> **Data block**:
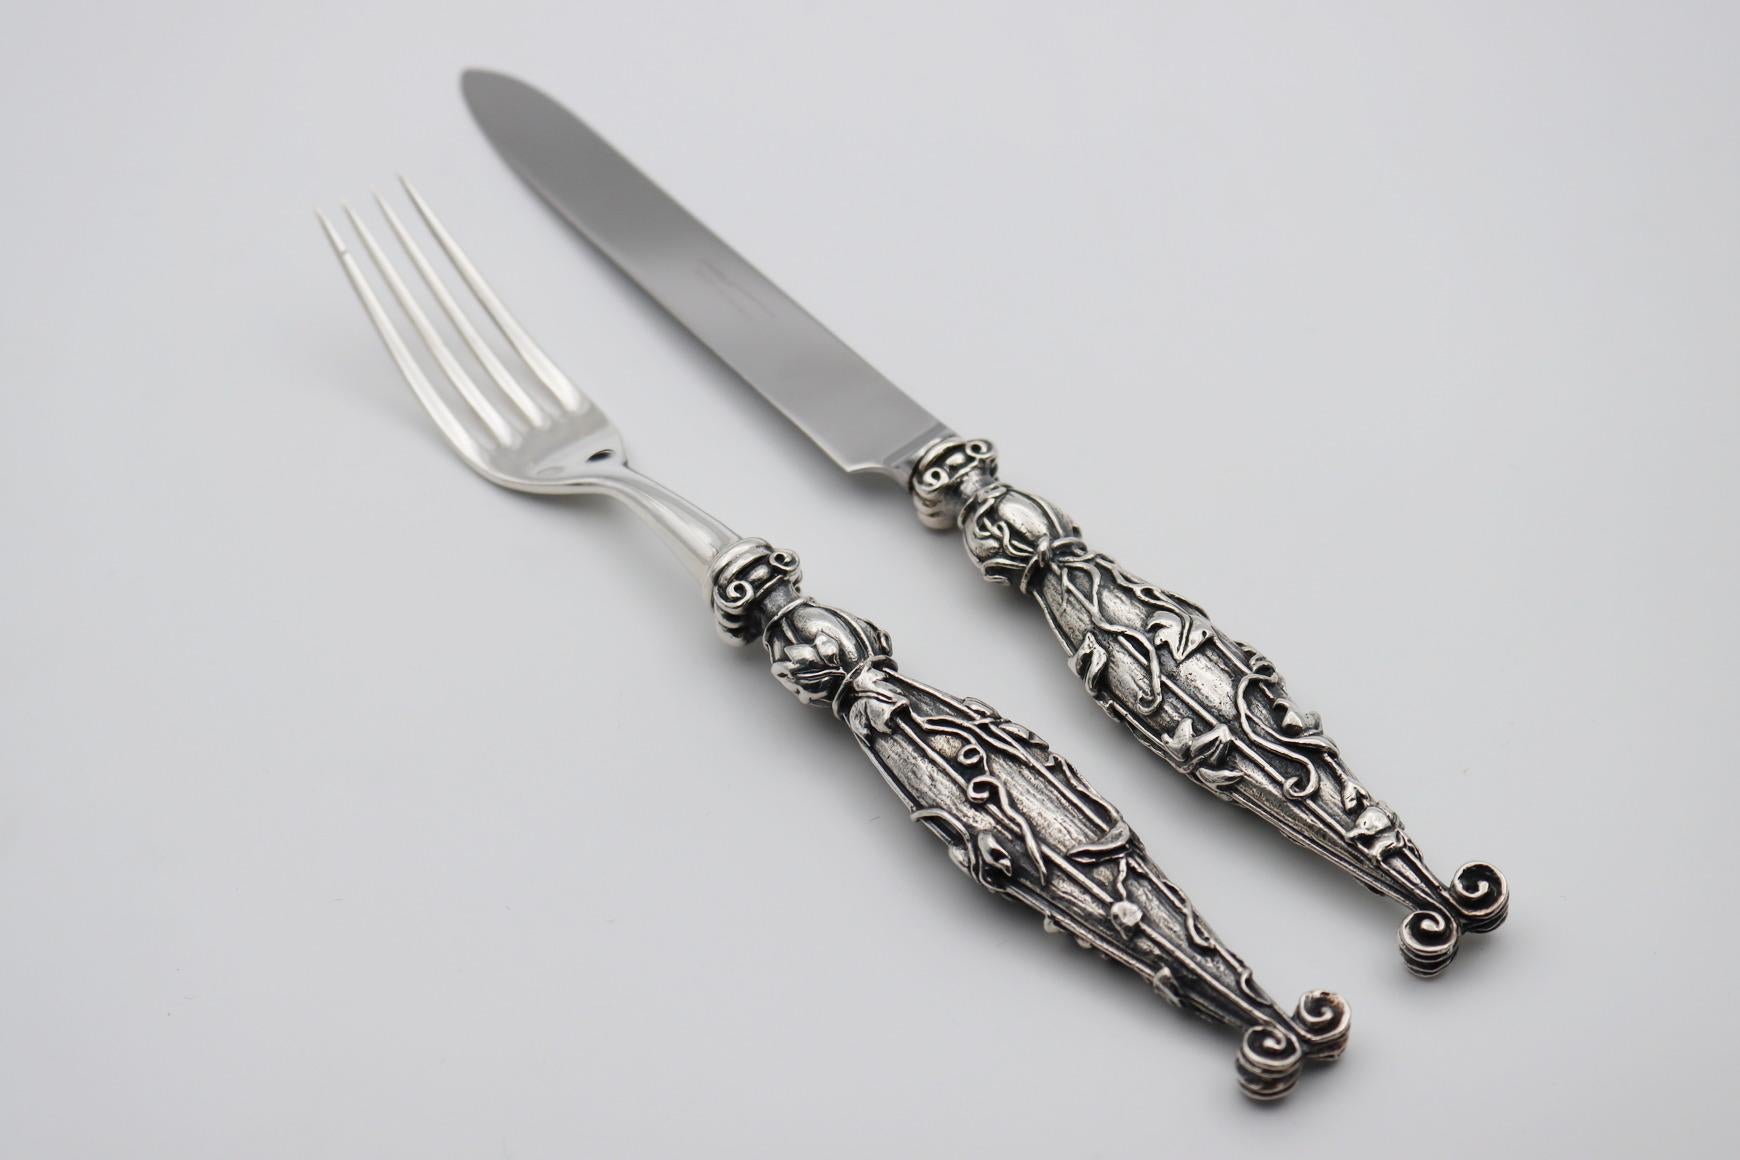 VILLA D’ESTE Set of 2 pieces in Silver Bronze or Gold Bronze

Set of 2 pieces (table forks/fish, table knife or meat/fish knife) in silver bronze 35/42 microns

It is possible to order all products separately or set of 4 piece

Table

> **Exercise objective**: Would you repeat the complete listing exactly, excluding each picture it holds?

> **Response**:
 VILLA D’ESTE Set of 2 pieces in Silver Bronze or Gold Bronze

Set of 2 pieces (table forks/fish, table knife or meat/fish knife) in silver bronze 35/42 microns

It is possible to order all products separately or set of 4 piece

Table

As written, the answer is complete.